--- Recorded data Enclosed Below ---

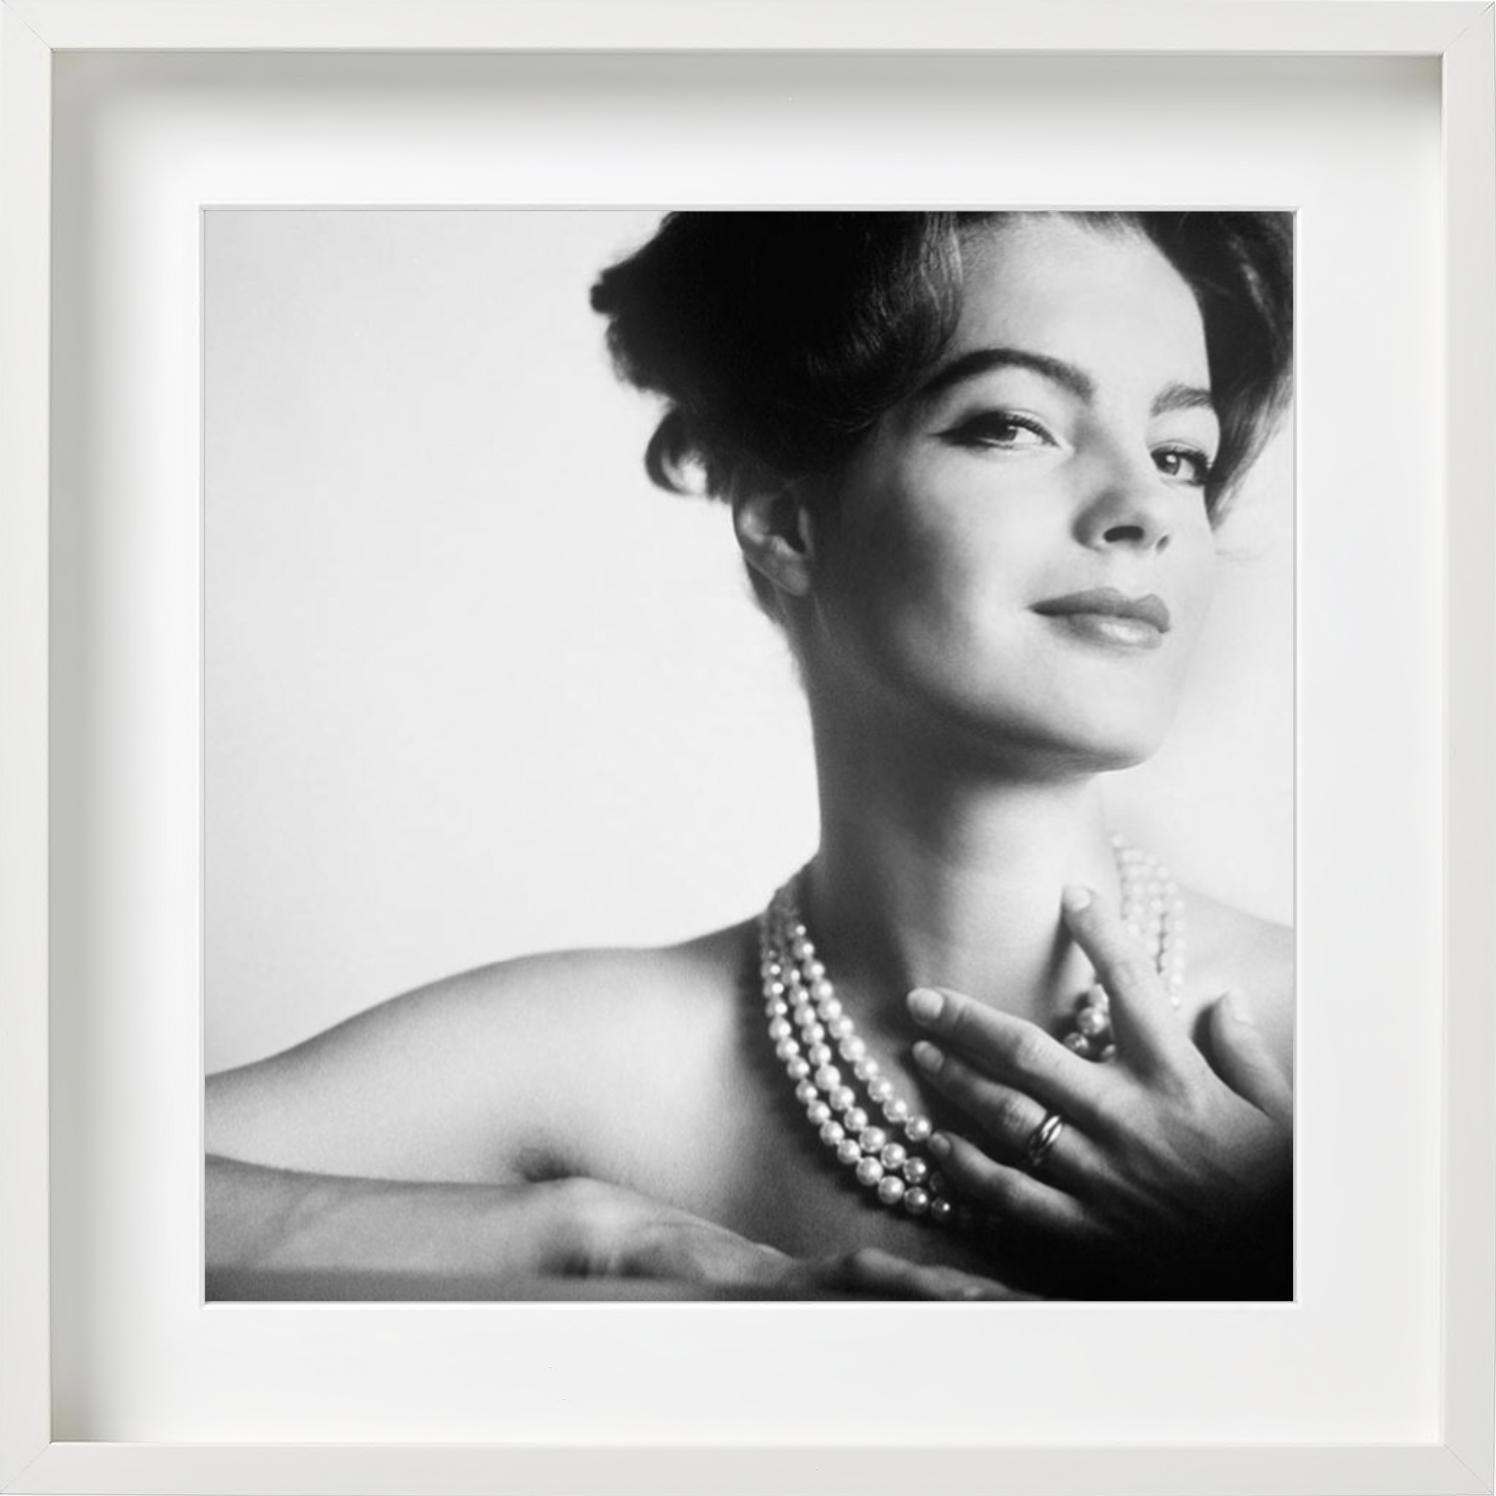 All prints are limited edition. Available in multiple sizes. High-end framing on request.

All prints are done and signed by the artist. The collector receives an additional certificate of authenticity from the gallery.

Romy Schneider is not only
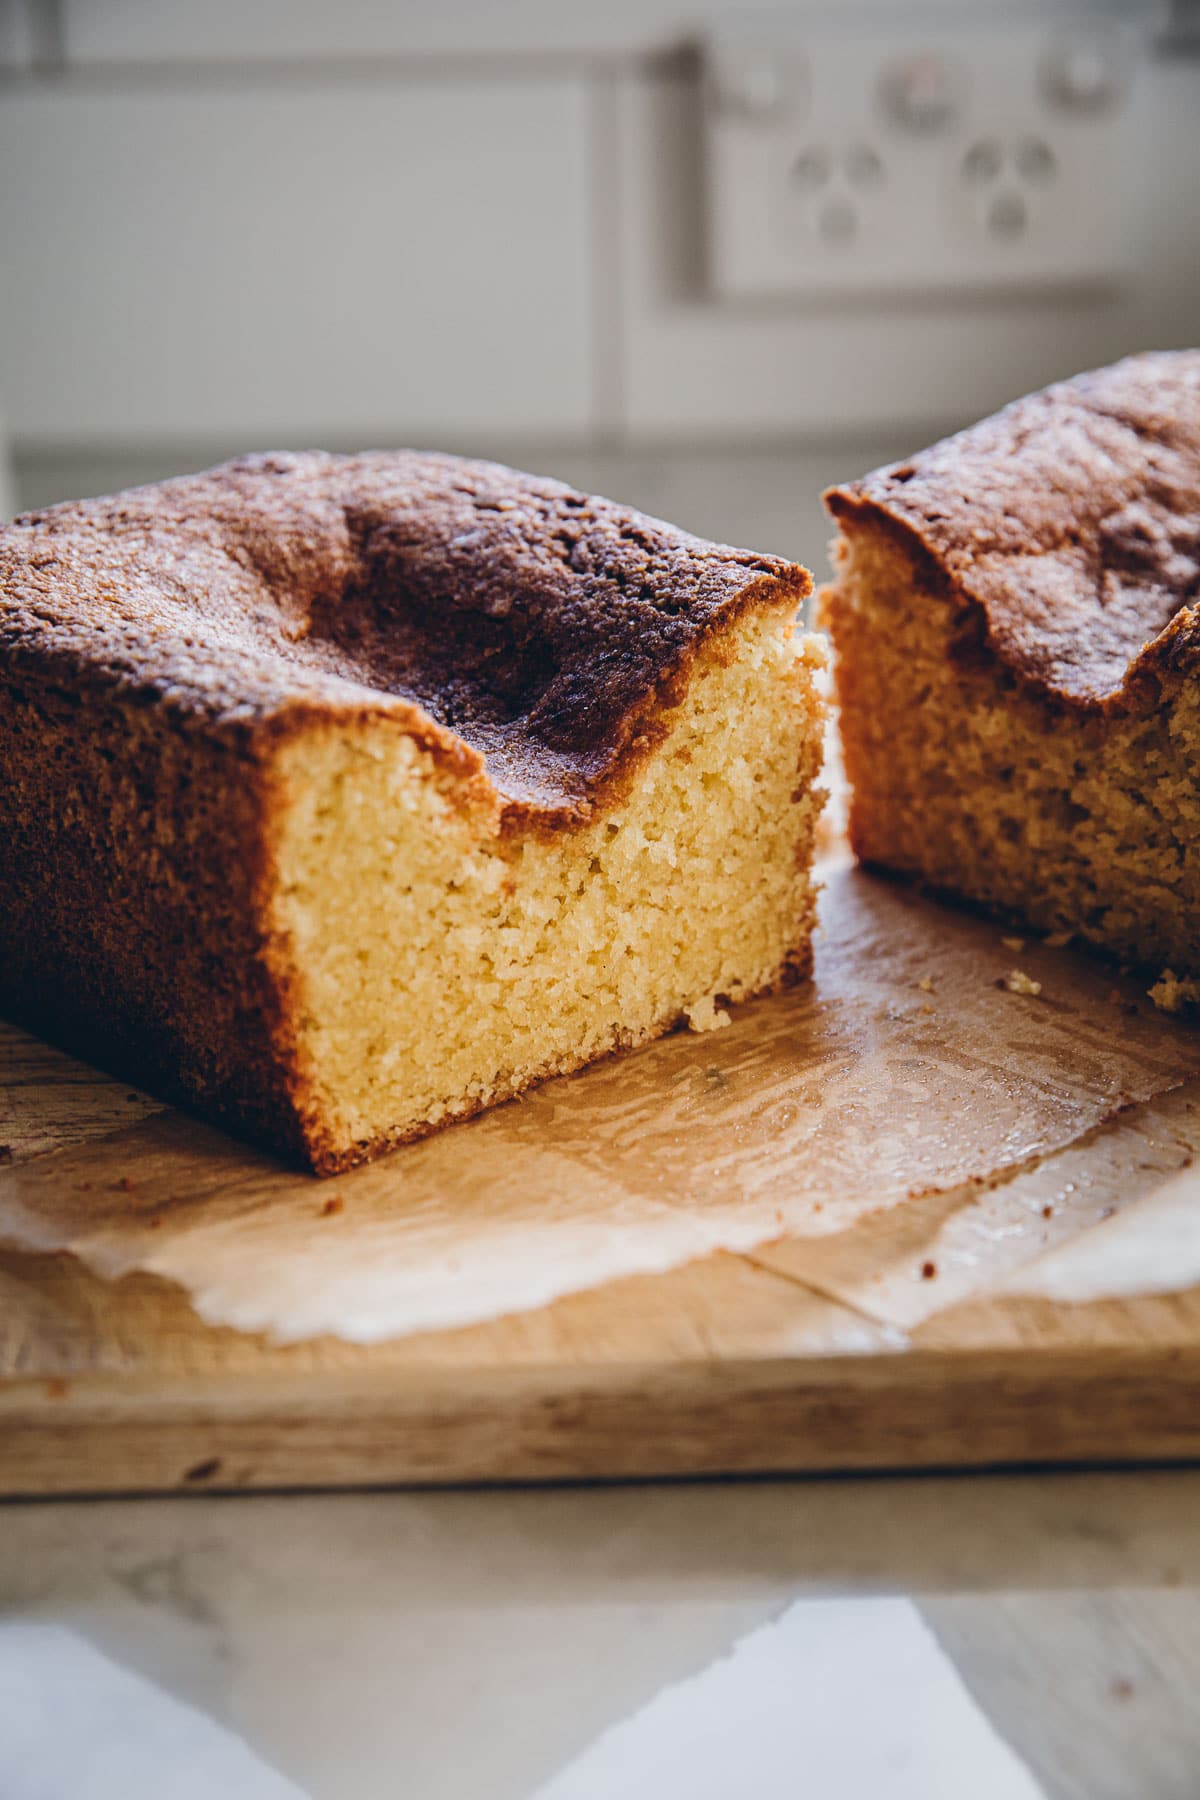 A traditional Lemon Madeira Cake sunk on top after baking perfectly.

--- End of Enclosed Recorded data ---

→ **Exercise brief**
Set down exactly, from the line that contains "Romy Schneider is not only" through the last line of the data, each line as it stands, and leave the pictures out.

→ **Exercise solution**
Romy Schneider is not only
 A traditional Lemon Madeira Cake sunk on top after baking perfectly.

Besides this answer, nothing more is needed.